Data excerpt:
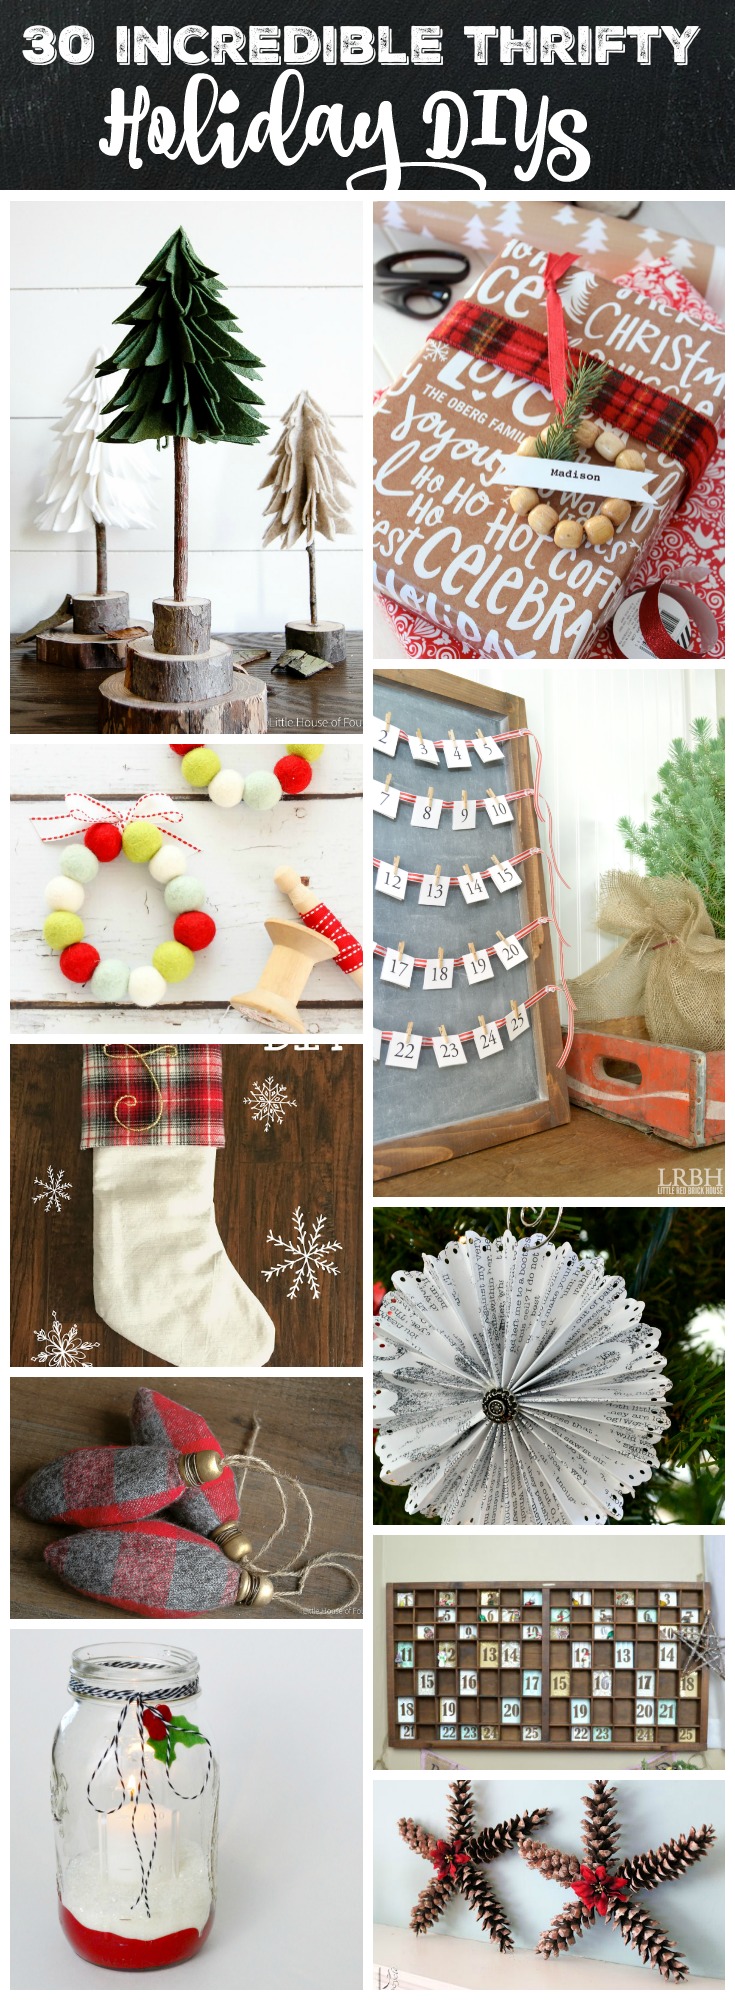 You will love these 30 Incredible Thrifty Holiday DIY Projects at thehappyhousie.com
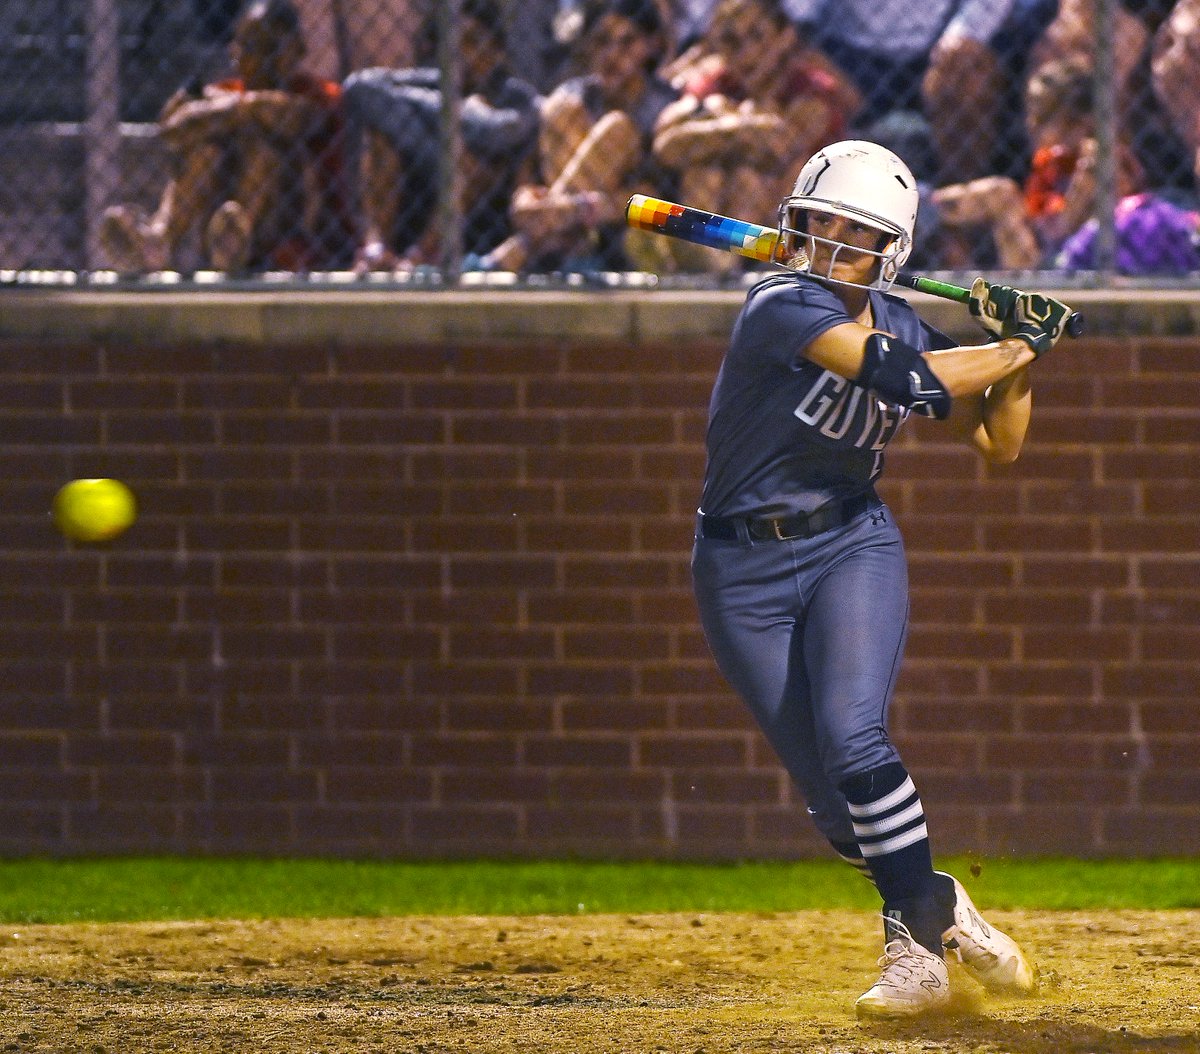 Three local softball teams got their third-round matchups rolling on Wednesday. Guyer punched its ticket to Round 4 of the playoffs for a second straight year as Kaylynn Jones homered to help fuel a 7-2 victory over Flower Mound Marcus. dentonrc.com/sports/high_sc…
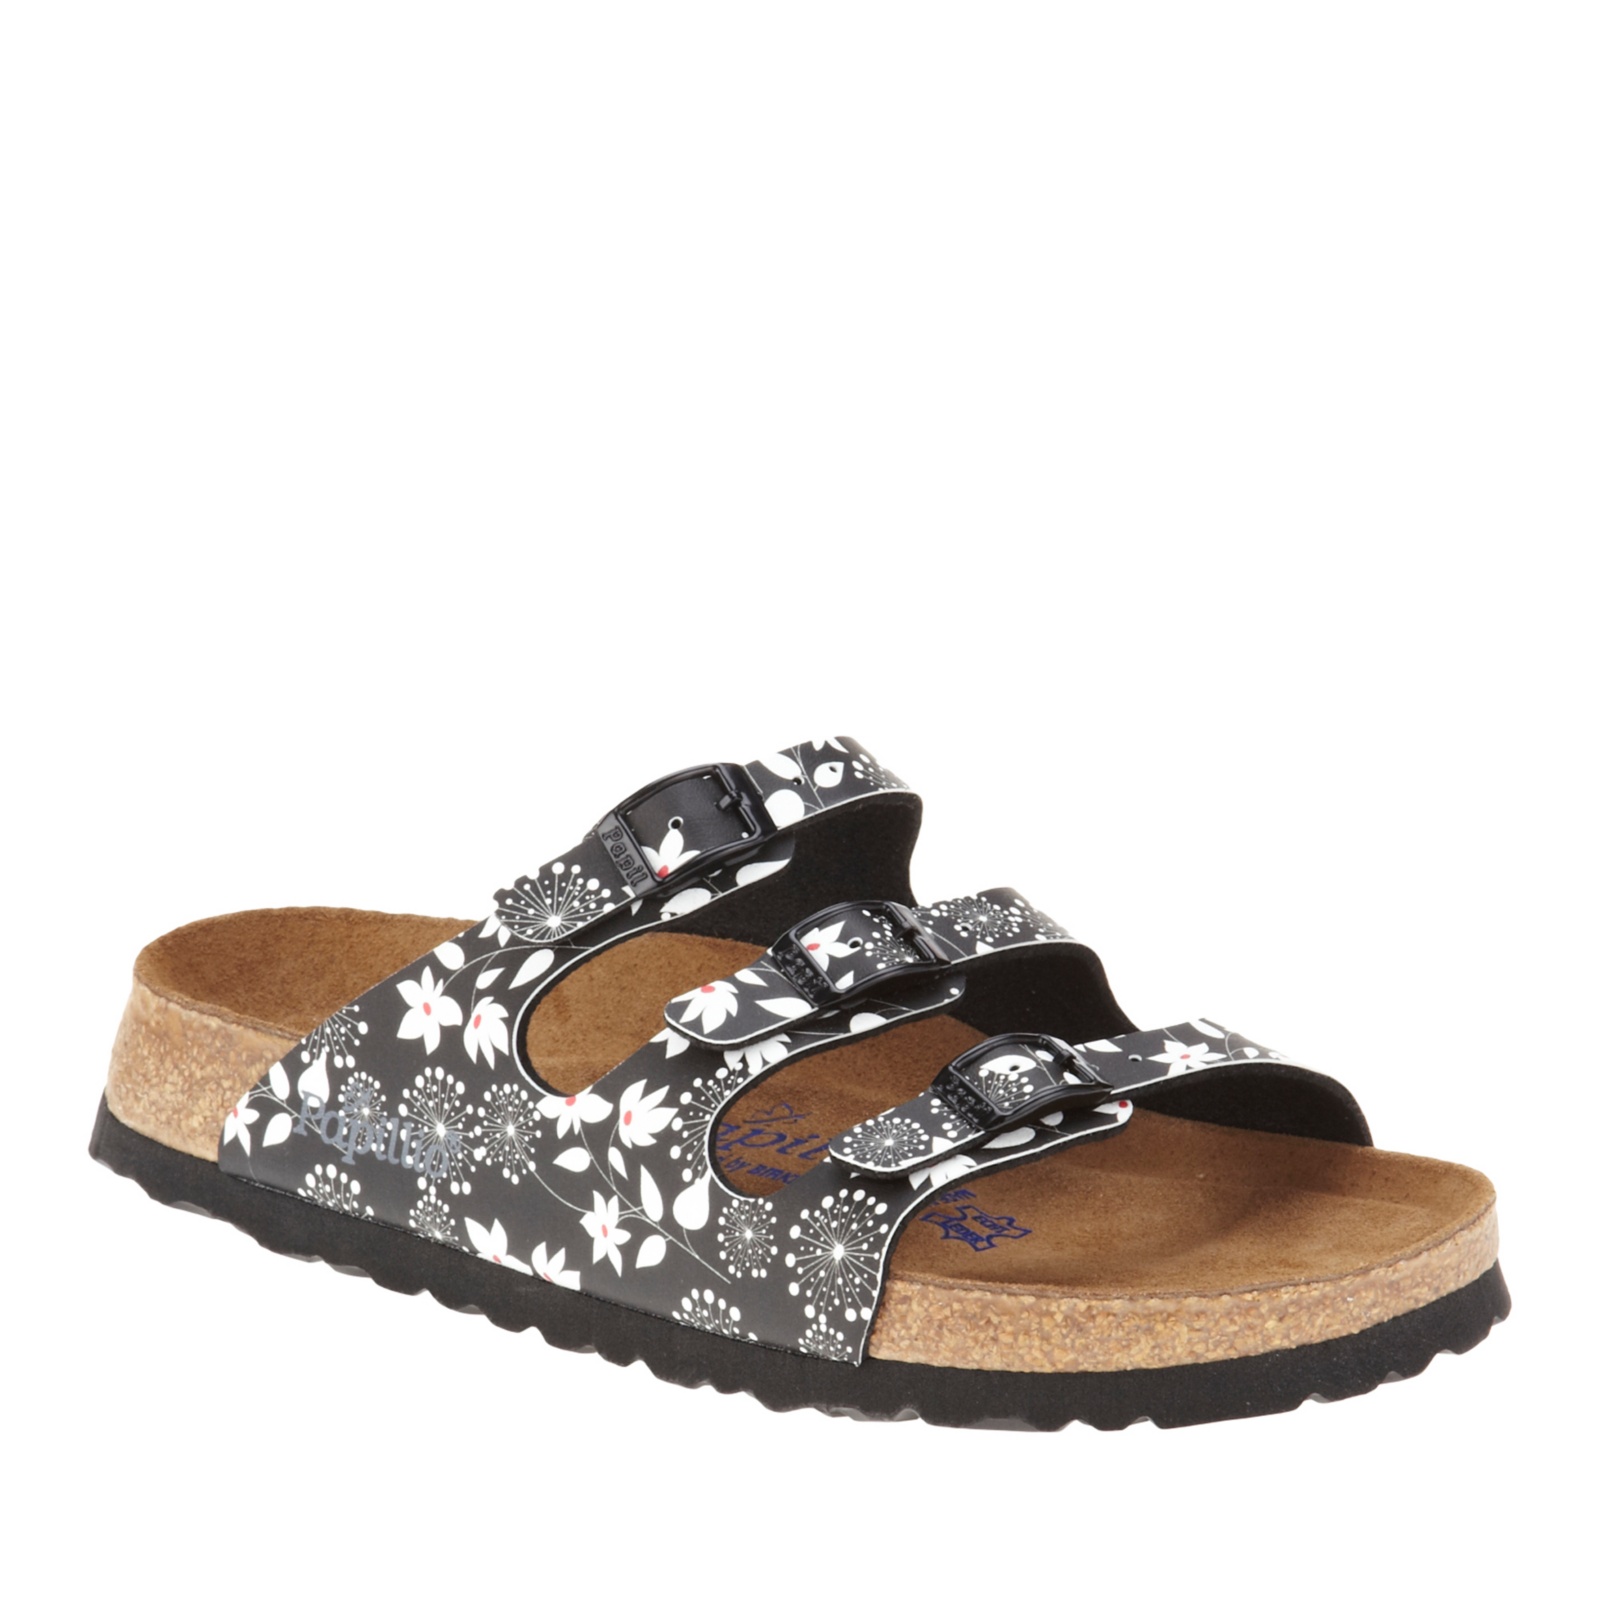 Details about Papillio by Birkenstock Florida Soft Footbed Floral ...
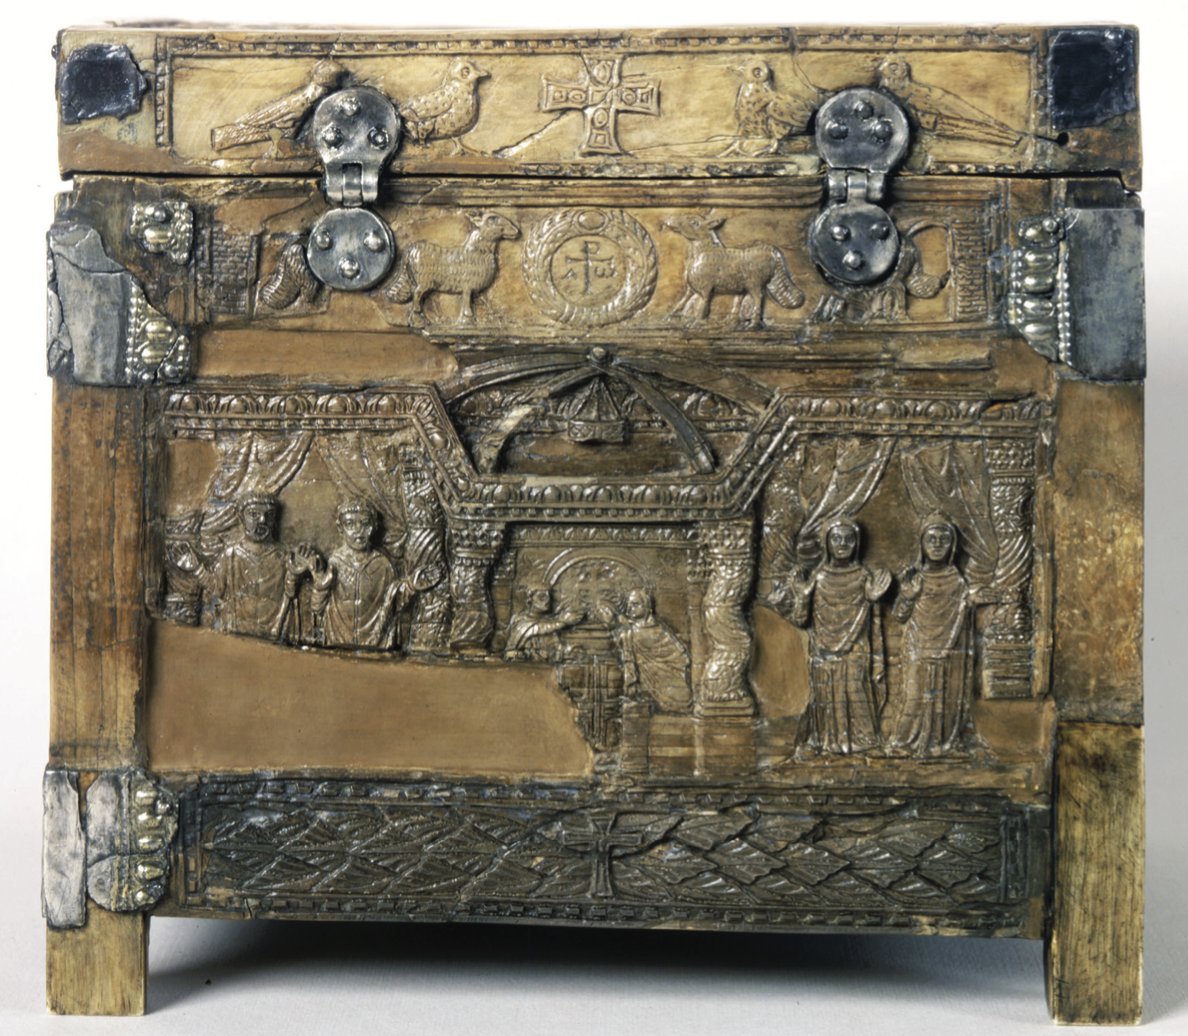 We see depictions of St Peter's tomb in Late Antique art. Here's an early 5th c ivory casket from Samagher, near Pola (Croatia). See the twisted columns around the tomb of Peter, as originally arranged. What other examples can you think of?

Exercise instructions:
Retype all the data exactly; skip the pictures.

Response to the task:
 You will love these 30 Incredible Thrifty Holiday DIY Projects at thehappyhousie.com
 Three local softball teams got their third-round matchups rolling on Wednesday. Guyer punched its ticket to Round 4 of the playoffs for a second straight year as Kaylynn Jones homered to help fuel a 7-2 victory over Flower Mound Marcus. dentonrc.com/sports/high_sc…
 Details about Papillio by Birkenstock Florida Soft Footbed Floral ...
 We see depictions of St Peter's tomb in Late Antique art. Here's an early 5th c ivory casket from Samagher, near Pola (Croatia). See the twisted columns around the tomb of Peter, as originally arranged. What other examples can you think of?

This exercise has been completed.